Timothy Sullivan on the importance of ILA

 

Even highly-educated professionals should see independent legal advice

In some ways, getting a divorce is a pretty straightforward proposition: There’s well-established case law, mostly-clear standards, and generally accepted principles for dividing property and establishing spousal and child support.  And there’s a fear that ‘bringing lawyers into it’ can turn what may otherwise be an amicable split into a contentious battleground. So it’s not surprising that professionals in other fields, especially those who are accustomed to understanding complex (and sometimes arcane) concepts, should dismiss the idea of independent legal advice, even when it’d be in their best interests.

But a recent case involving a high-earning surgeon who found himself paying $29,000/month in spousal support, in perpetuity, is a good reminder why everyone should get some independent counsel before they sign any agreement.

In this case, the husband and his wife split in 2005 after more than 10 years of marriage. The wife was not working at the time of the separation, and it appears that the husband continued to deposit his earnings in a joint account, which was managed by his wife, even though they were separated.

In 2008, the wife had a lawyer draft a separation agreement. This provided that the proceeds of the marital home be divided, and that the husband would pay spousal support of $29,000/month, indefinitely. There was no provision for the wife to eventually become self-sufficient, and there was a clause that declared that if the wife was to marry in the future, this would not constitute a material change in circumstances. In other words, the surgeon was agreeing to pay his ex-wife $380,000/year, in perpetuity.

The husband signed the agreement without engaging his own legal advice – even though his soon-to-be-ex-wife encouraged him to do so.
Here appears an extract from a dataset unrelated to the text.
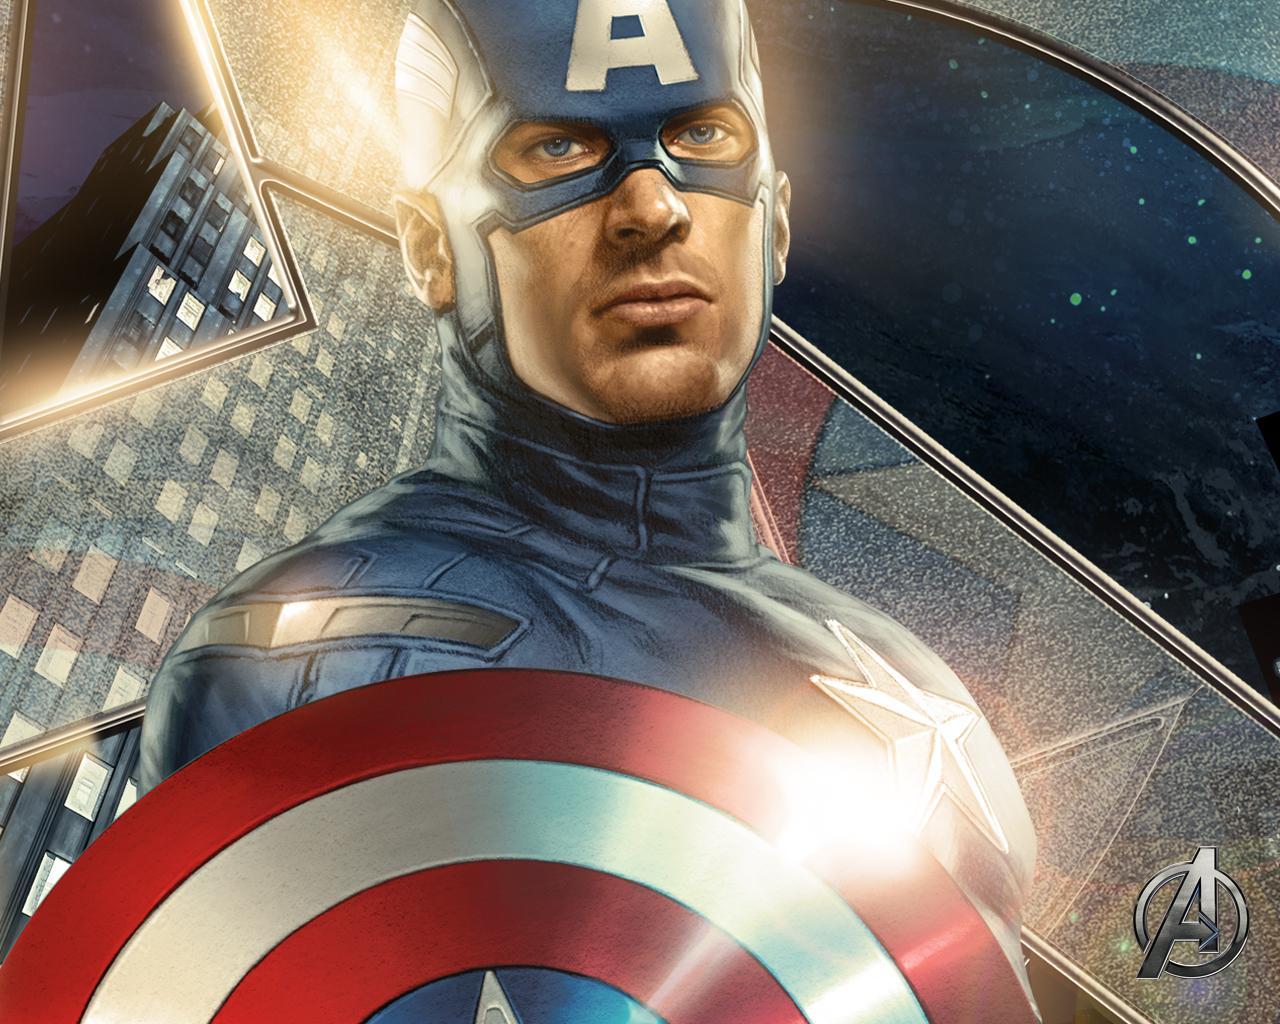 Captain america avengers hd wallpaper hd wallpapers - Image captain america ...
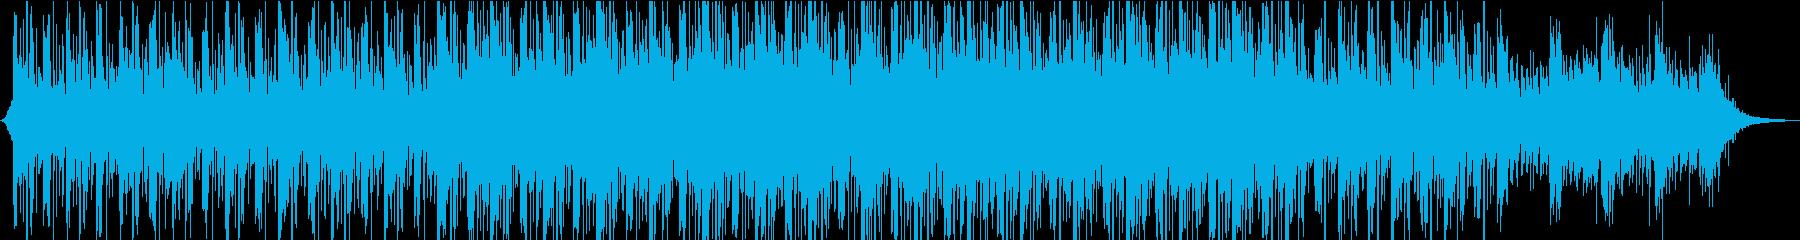 Background Soundscapの再生済みの波形

Seven years in, the surgeon hired a lawyer

In 2012, the surgeon finally hired his own lawyer to help him unwind the couple’s financial affairs, and have the separation agreement voided. Additionally, he demanded the return of $1.4 million, which he claimed the wife had spent from the joint account, over and above her $29,000/month.

And while the judge acknowledged that the monthly amount, as well as the indefinite duration during which it would be paid, was far in excess of what the wife would have received under the “ordinary principles of family law”, he declined to set aside the agreement or to order the repayment of the $1.4 million. In the words of the judge: “Not understanding the agreement, and failing to appreciate that it was a ‘bad deal’ are not the same thing.”

The judge did allow that the amount and duration of the spousal support were unfair, and ordered the husband to pay the wife $43,000 – which would settle the husband’s obligations for good.

 

Independent legal advice could have prevented this

In some ways, it’s remarkable that this case didn’t become even more contentious than it did: Waiting 3 years to draft a separation agreement and 7 years to settle it in a way that was suitable for both parties without the case dragging on interminably actually speaks well of all parties in this particular divorce. However, it could have been dealt with far more quickly – and more fairly, particularly for the husband – had both parties engaged their own independent counsel from the outset. And most divorces, whether or not they involve a high-earning professional, are less stressful for everyone when they’re equitable and not prolonged.